6. The reinforcement learning-based precast element production scheduling optimization method of claim 1, wherein the training of the deep reinforcement learning model comprises:

s1: initializing neural network parameters;

s2: initializing the state of each machine;

s4: storing the state transition data to an experience playback pool, and covering the old data with the new experience data;

s5: randomly extracting data in batches from the experience playback pool to update parameters of the estimated neural network, and judging whether the round is finished or not according to the set target times of the single round; if so, performing S6, otherwise, performing S3;

s6: and updating the target neural network parameters, judging whether a termination condition is reached, if not, executing S2, and if so, finishing training.

7. A prefabricated part production scheduling optimization method based on reinforcement learning as claimed in claim 1, wherein the deep reinforcement learning model training is performed by adopting a priority experience replay strategy.

8. A reinforcement learning-based prefabricated part production scheduling optimization system is characterized by comprising:

a model training module: establishing an experience playback pool based on the state of the current machine, the current action, the reward corresponding to the current action and the state of the machine at the next moment, and extracting data in the experience playback pool randomly in batches to perform iterative updating on the deep reinforcement learning model to obtain a trained deep reinforcement learning model;

a policy output module: and inputting the order information of the prefabricated part into the trained deep reinforcement learning model and outputting an optimal scheduling strategy.

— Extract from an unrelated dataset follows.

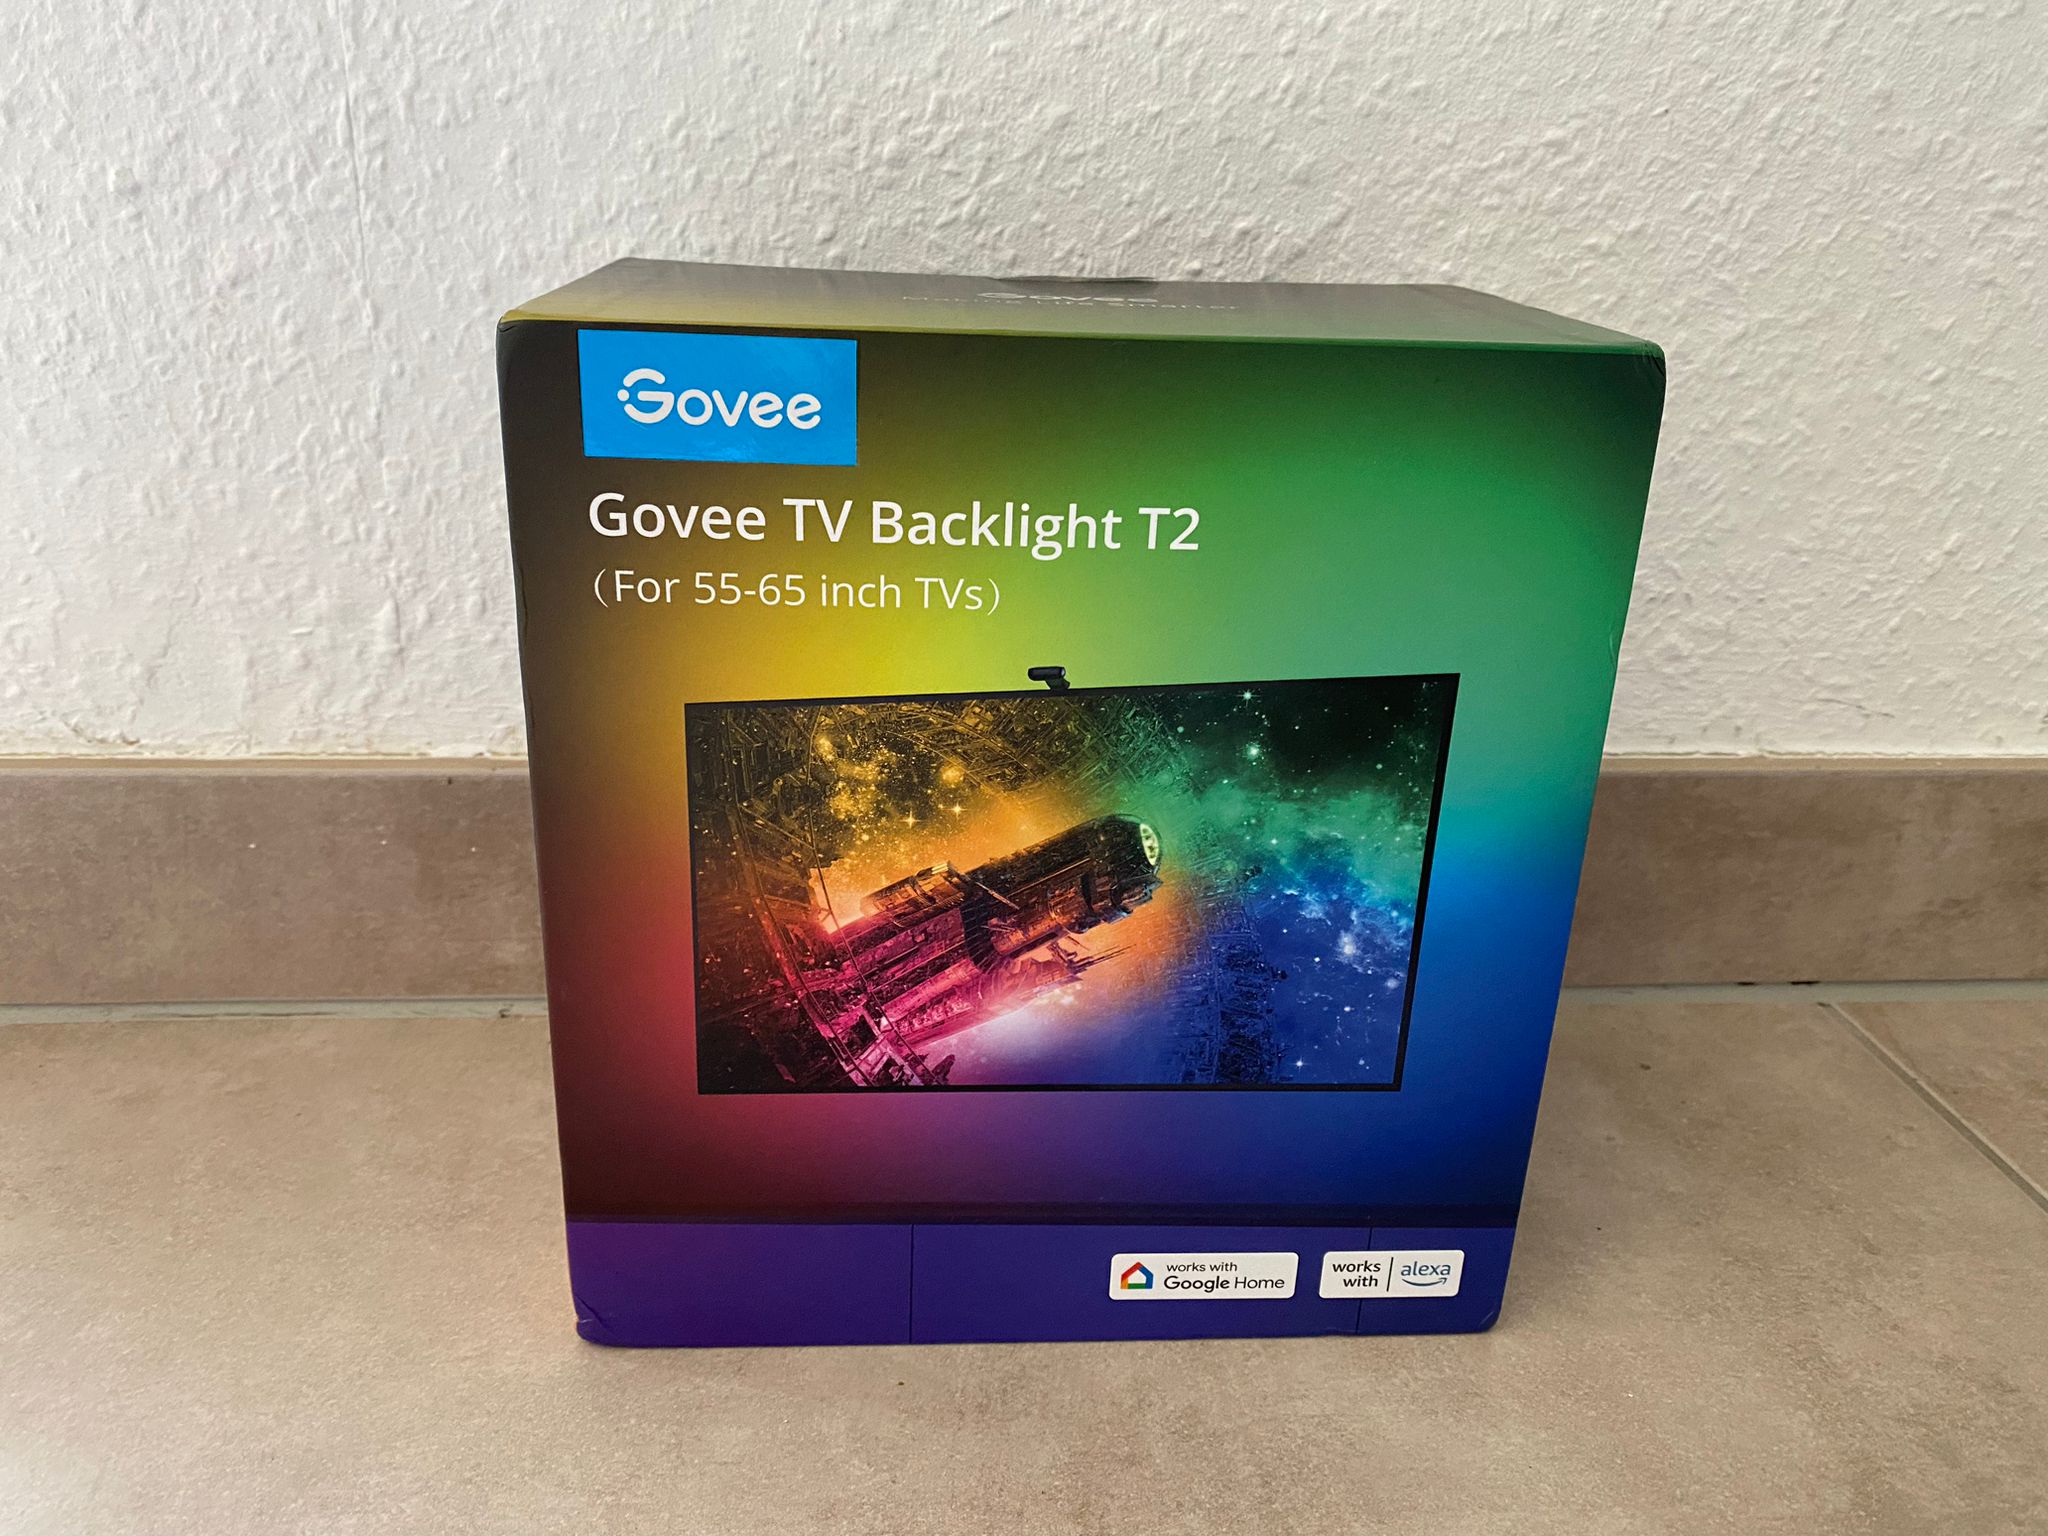 Govee TV Backlight T2 und Gaming G1 Ambilight unter der Lupe

9. A computer-readable storage medium, on which a computer program is stored which, when being executed by a processor, carries out the steps of a method for reinforcement learning based optimization of a production schedule for prefabricated parts according to any one of claims 1 to 7.

10. A processing apparatus comprising a memory, a processor and a computer program stored on the memory and executable on the processor, wherein the processor when executing the program performs the steps of a method of reinforcement learning based pre-form production scheduling optimization method of any of claims 1-7.